An SGE can be an entity in a group that only has operations in Australia, including those that are privately owned.
To assist in identifying SGEs, from 2016–17 and going forward, taxpayers are required to self-assess themselves under the definition of a SGE and notify the tax office on their annual trust tax return at 'Status of business' (item 2, G1).
The SGE concept is part of the following measures:
- The Multinational Anti-Avoidance Law (MAAL)
- Country-by-Country (CbC) Reporting
- Increased administrative penalties for SGEs.
For more information, see Significant global entities.
The Multinational Anti-Avoidance Law (MAAL)

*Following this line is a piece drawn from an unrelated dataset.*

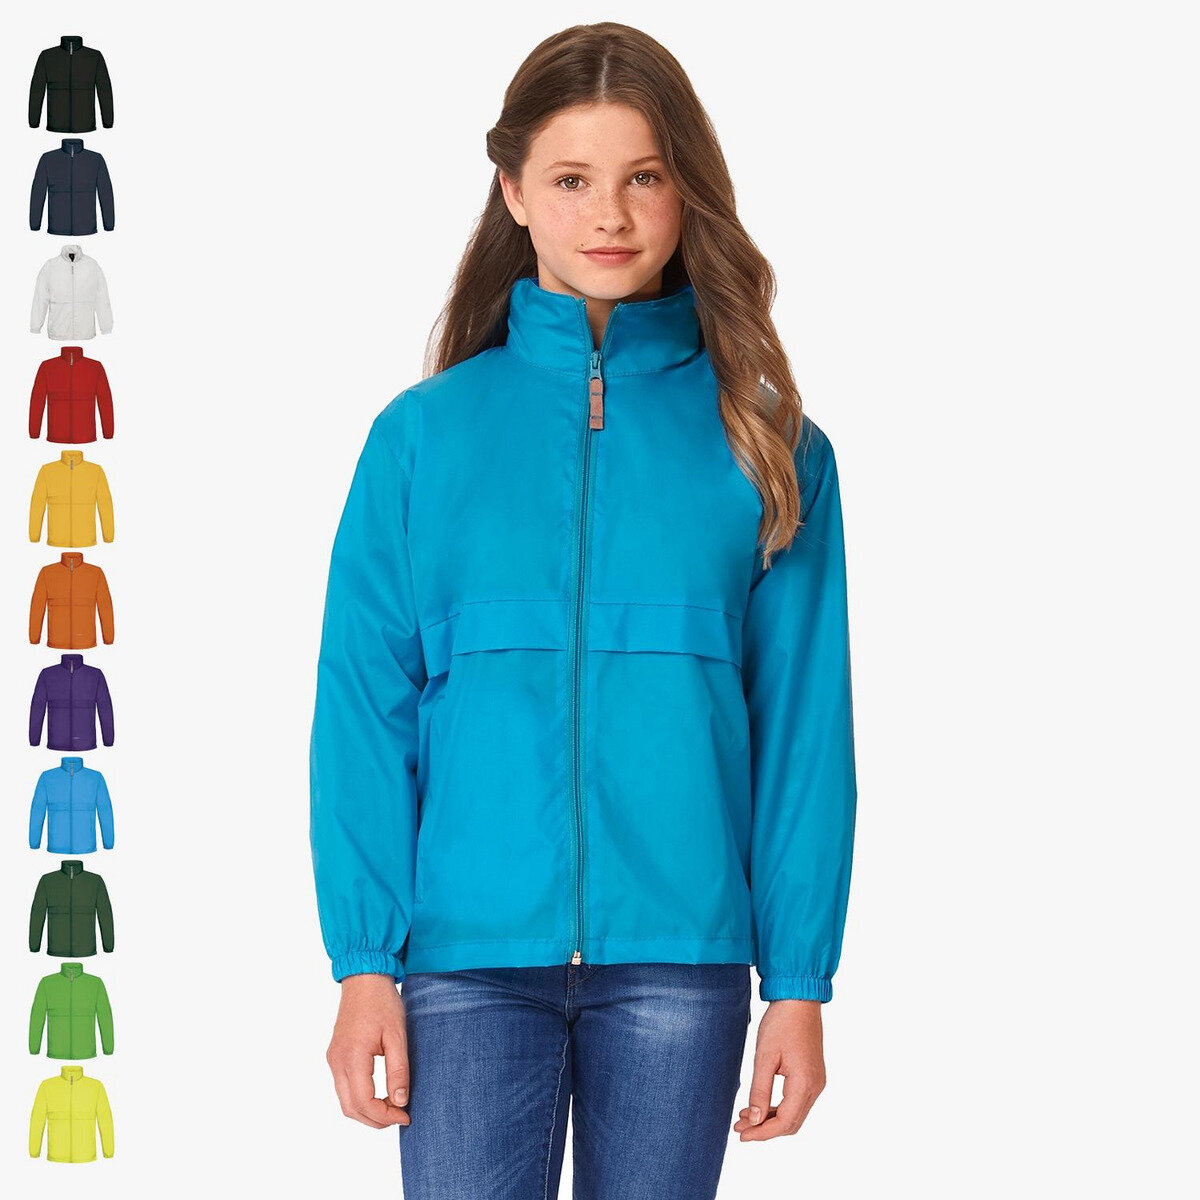 Details about   Childrens  Sirocco Windproof Jacket Waterproof Rain Coat 14 Colours All Sizes 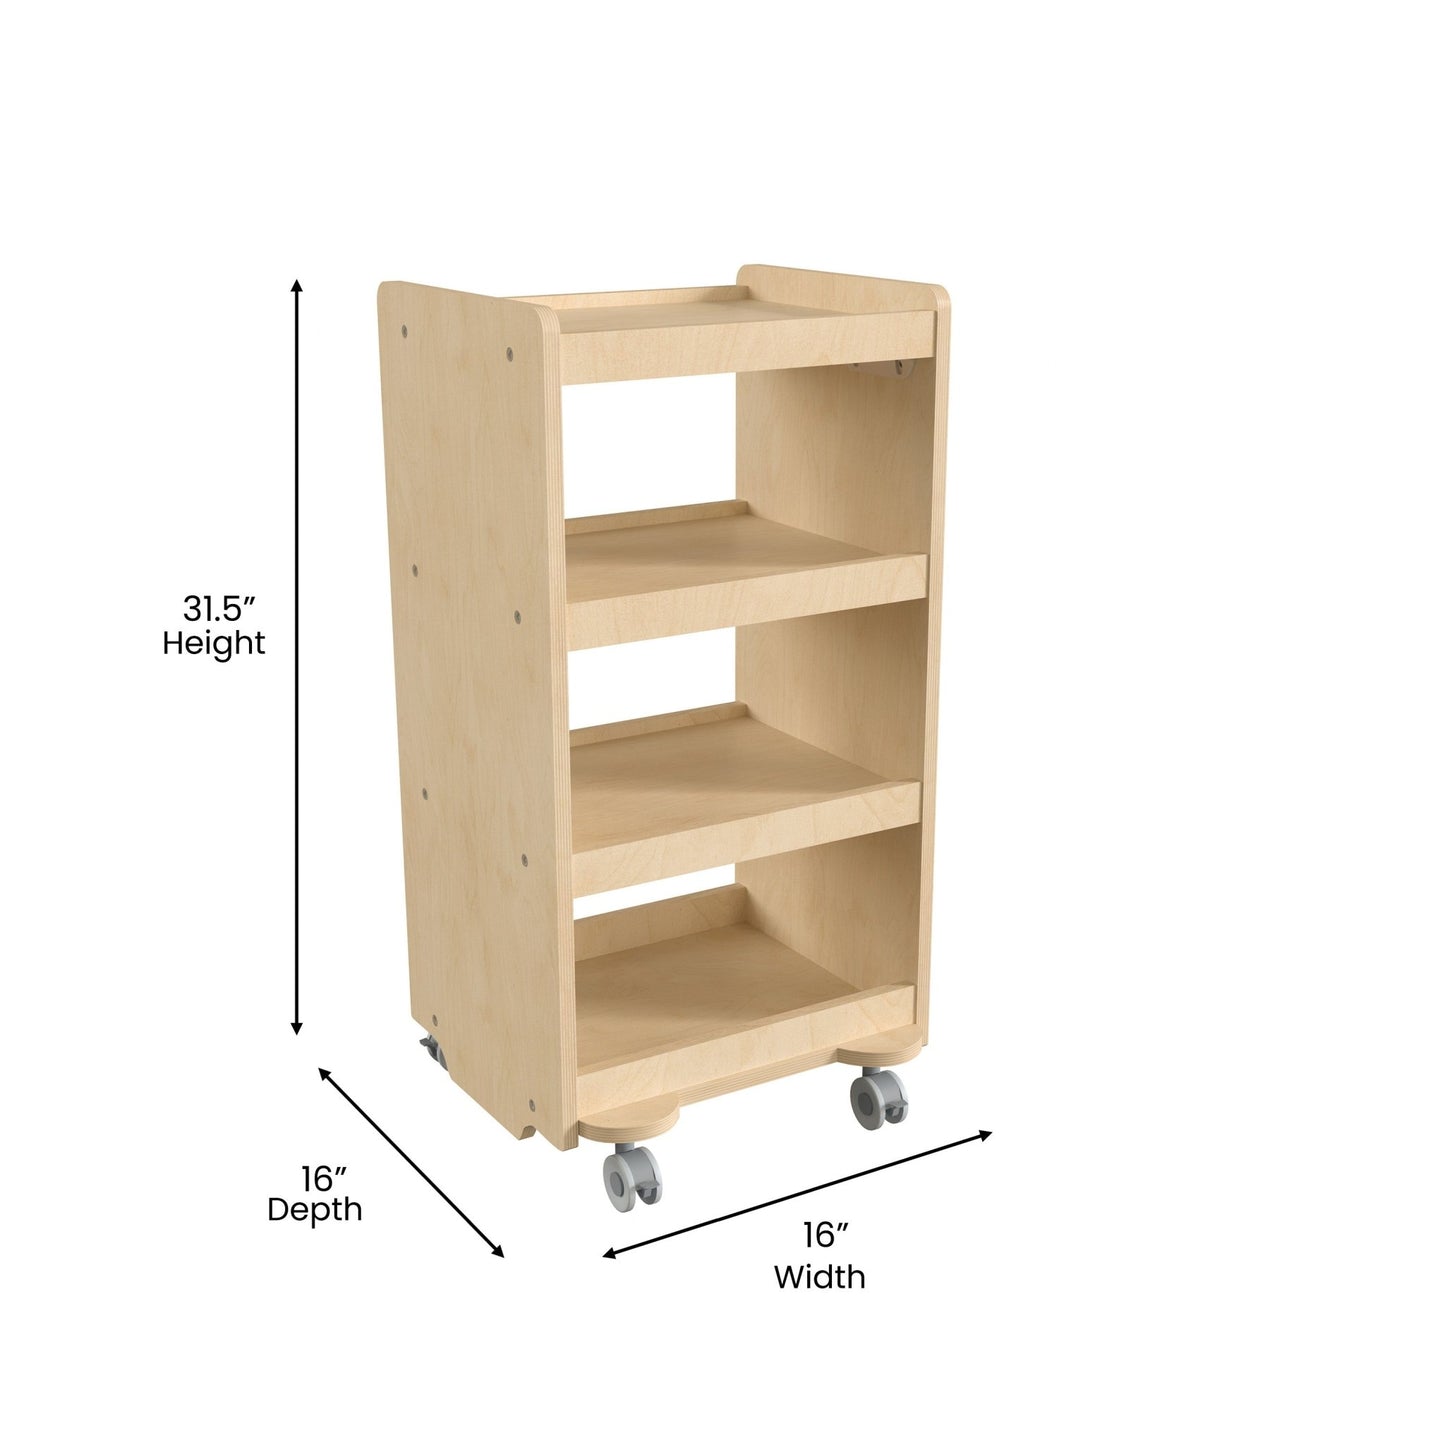 Bright Beginnings Commercial Wooden Mobile Storage Cart with 4 Storage Tiers and Locking Caster Wheels, Natural - SchoolOutlet

The Multinational Anti-Avoidance Law (MAAL) is part of the government's efforts to combat tax avoidance by multinational companies operating in Australia. The MAAL has been introduced to ensure that multinationals pay their fair share of tax on the profits earned in Australia. It is aimed at SGEs that enter into artificial arrangements to avoid taxation in Australia (or elsewhere) when supplying goods or services to Australian customers.
For more information, see Combating multinational tax avoidance – a targeted anti-avoidance law.
Country-by-Country (CbC) reporting
Country-by-Country (CbC) reporting is part of a broader suite of international measures aimed at combating tax avoidance through more comprehensive information being provided to the ATO to better conduct risk assessments associated with transfer pricing.
The measure takes effect from income years commencing on, or after, 1 January 2016. It requires SGEs to supply the ATO with three statements which will provide a clear overview of its global and Australian operations. This information will be shared with tax authorities in the other jurisdictions in which the group operates. The measure also contains revised standards for transfer pricing documentation.
For more information, see Country-by-Country reporting.
International Dealings Schedule (IDS)
Entities subject to CbC reporting are generally required to lodge a local file with the tax office as a part of their obligations under the regime. An administrative arrangement is in place with respect to such entities: taxpayers may be exempt from completing labels 2 to 17 of the IDS if they lodge Part A of the local file at the same time as their income tax return.
For more information, see International Dealings Schedule 2018.
Increasing administrative penalties for SGEs
On 3 May 2016, the government announced the 'Tax integrity package – increasing administrative penalties for significant global entities' measure. This measure applies to conduct occurring from 1 July 2017.
Administrative penalties for statement will be doubled. This increases the penalties imposed on SGEs that do not take reasonable care, take a tax position that is not reasonably arguable, or fail to provide documents when required and the Commissioner determines the liability without the document.
Failure to lodge on time (FTL) penalties for SGEs will be increased. The base penalty amount will be multiplied by 500 if the entity concerned is an SGE.